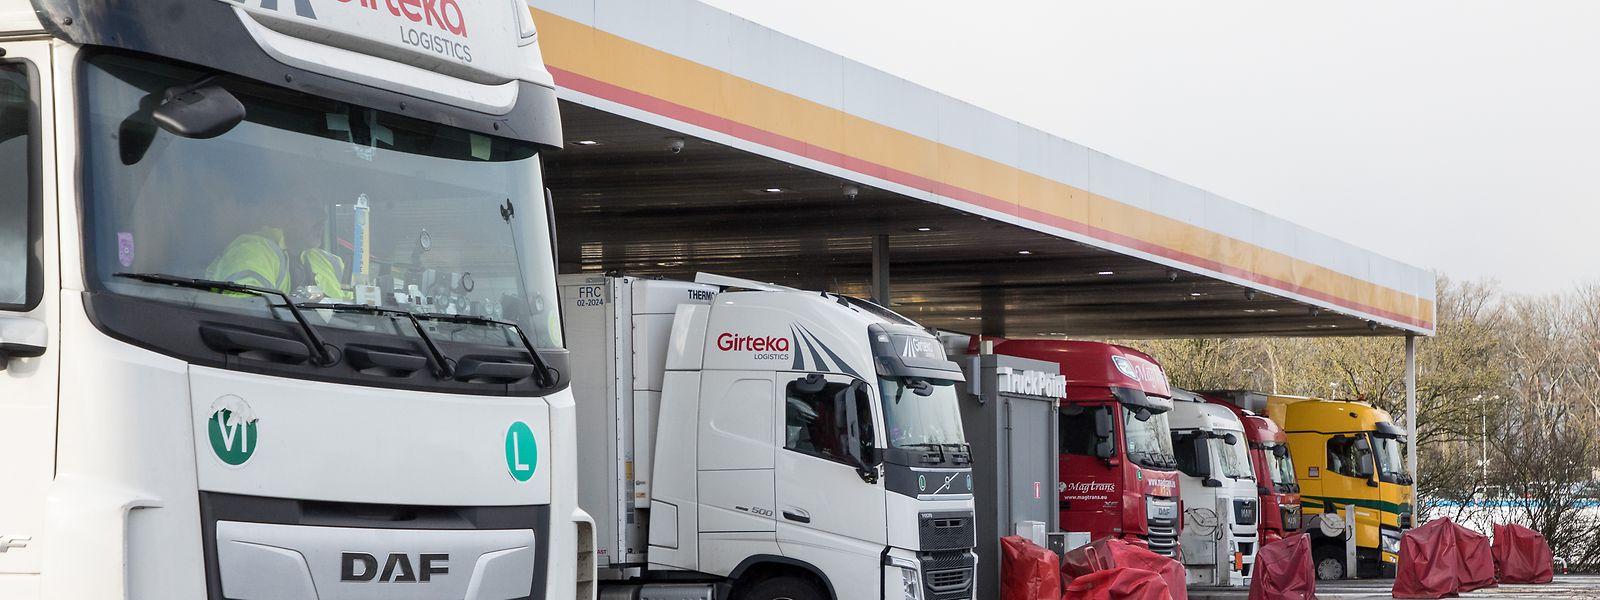 84 Prozent des an den Luxemburger Tankstellen verkauften Treibstoffs ist Diesel, der vor allem von Lastwagen getankt wird.
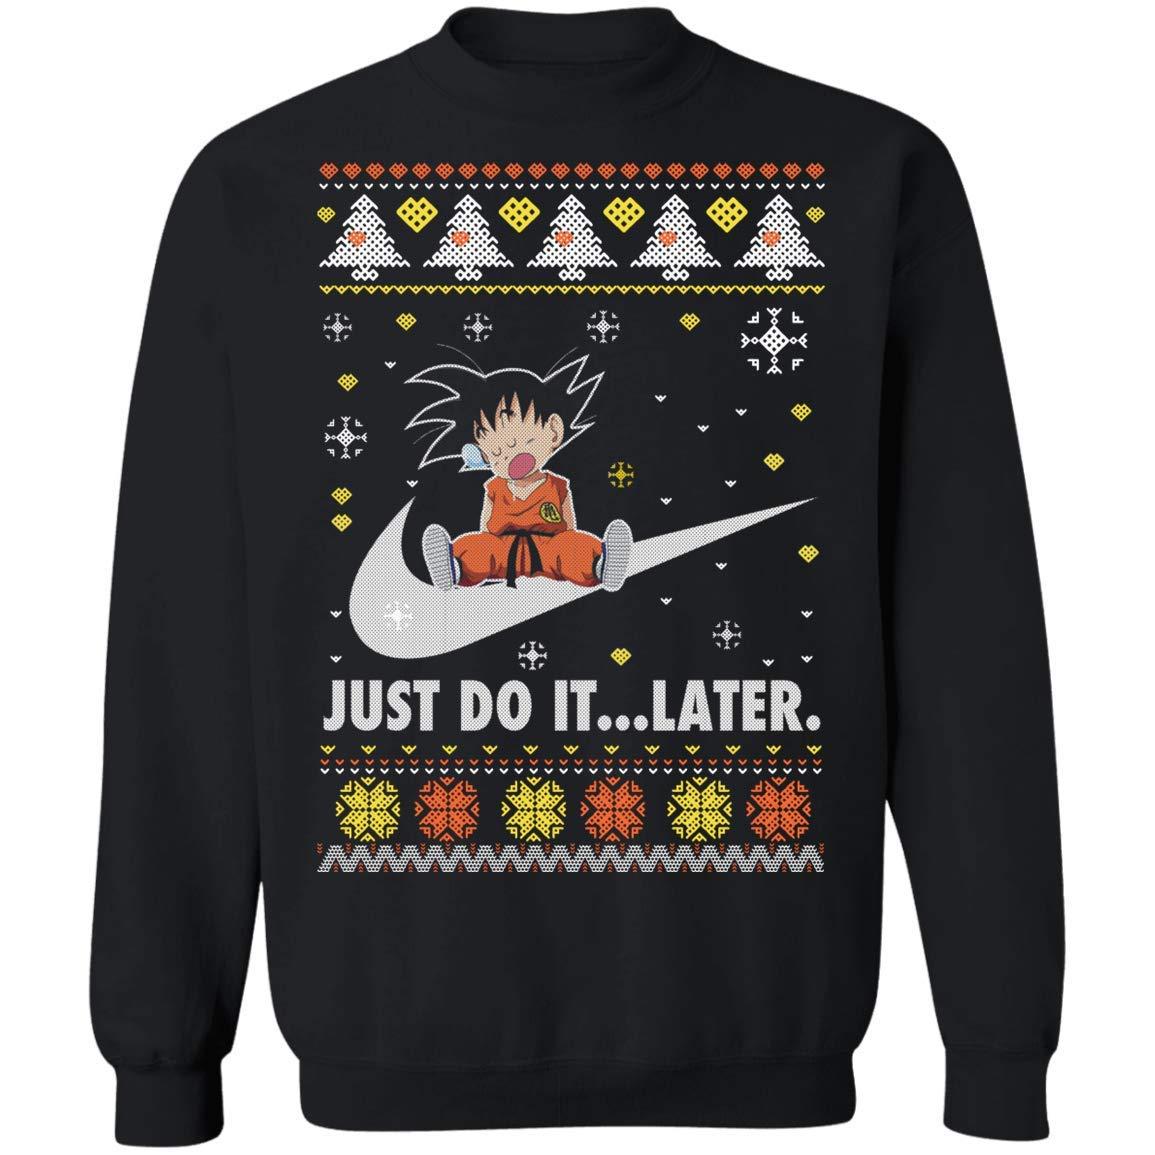 Dragon Ball Son Goku Ugly Christmas Saiyan Xmas Dragonball Z Crewneck Pullover Sweatshirt
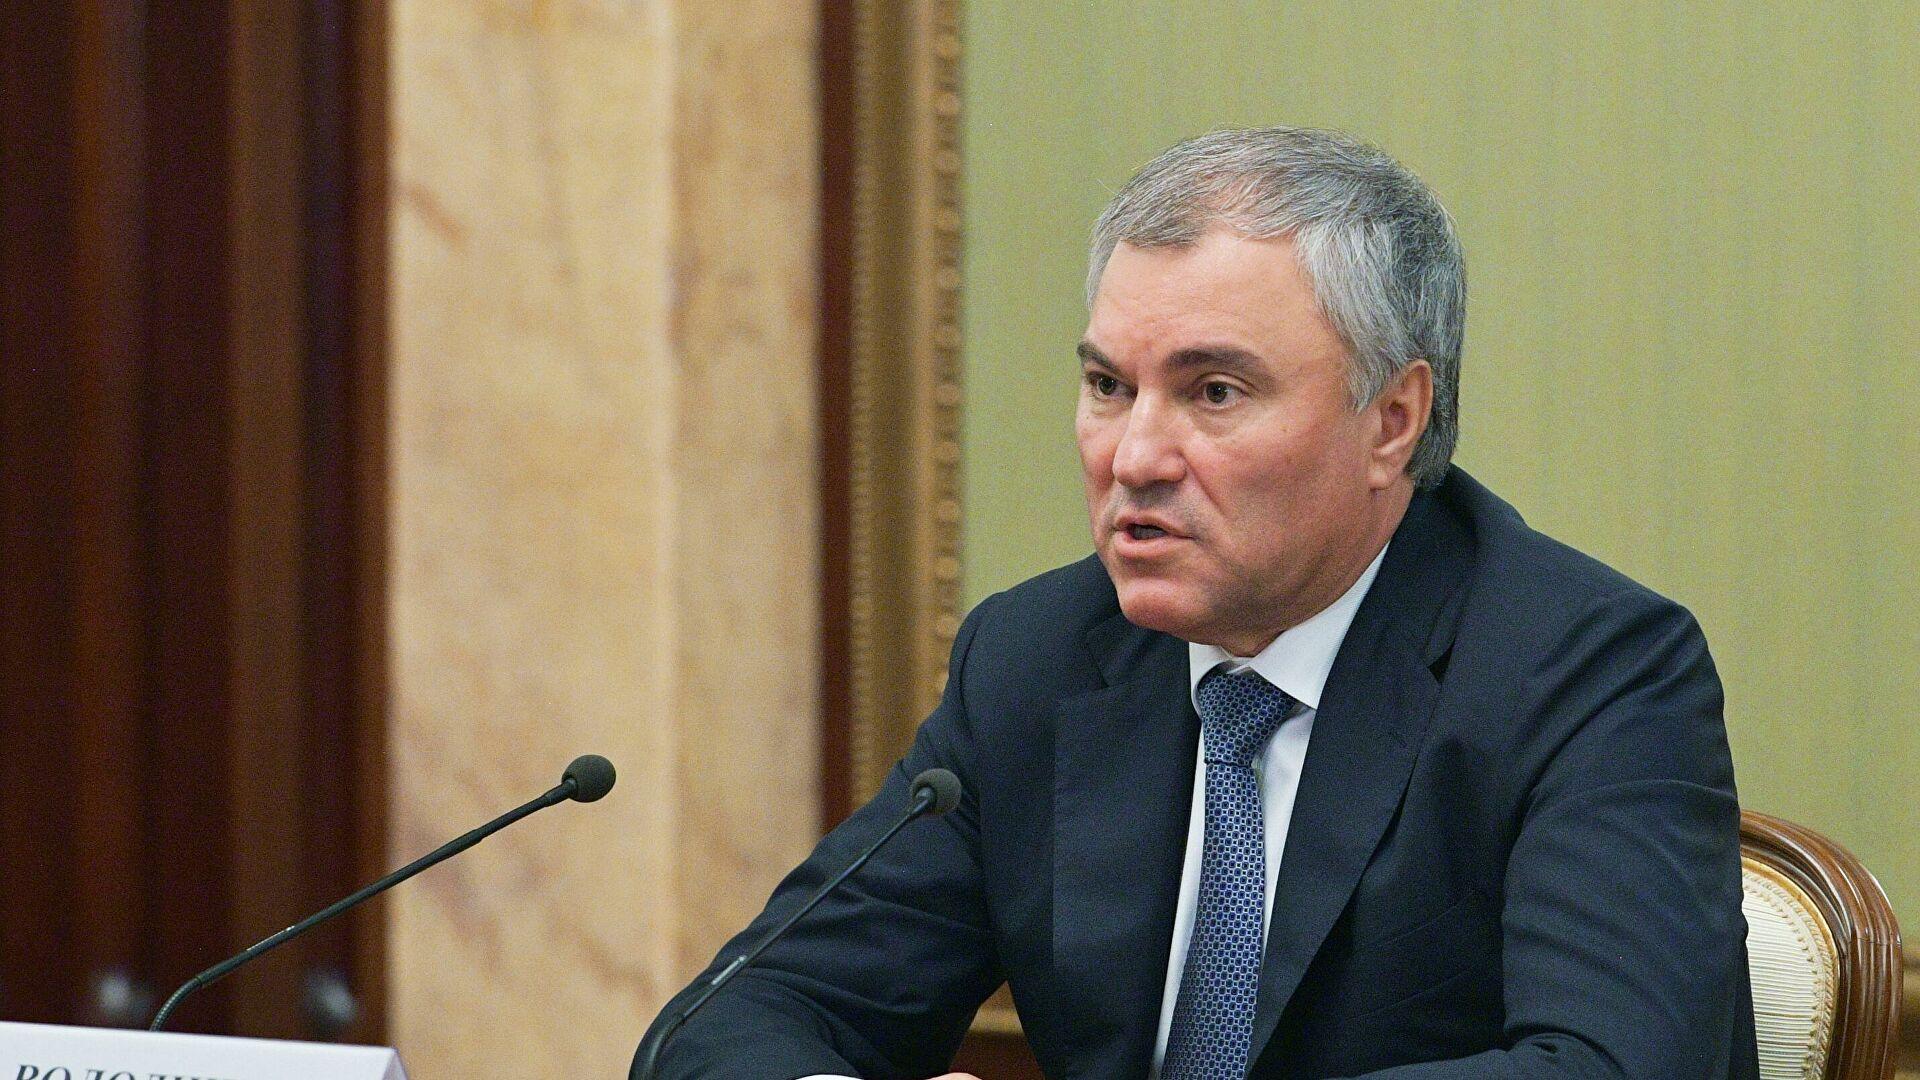 Володин позвао ПС ОДКБ да заједно бране државни суверенитет земаља чланица

**Requirement**
An exact reproduction of the material is needed, without its images.

**Finished task**
 84 Prozent des an den Luxemburger Tankstellen verkauften Treibstoffs ist Diesel, der vor allem von Lastwagen getankt wird.
 Dragon Ball Son Goku Ugly Christmas Saiyan Xmas Dragonball Z Crewneck Pullover Sweatshirt
 Володин позвао ПС ОДКБ да заједно бране државни суверенитет земаља чланица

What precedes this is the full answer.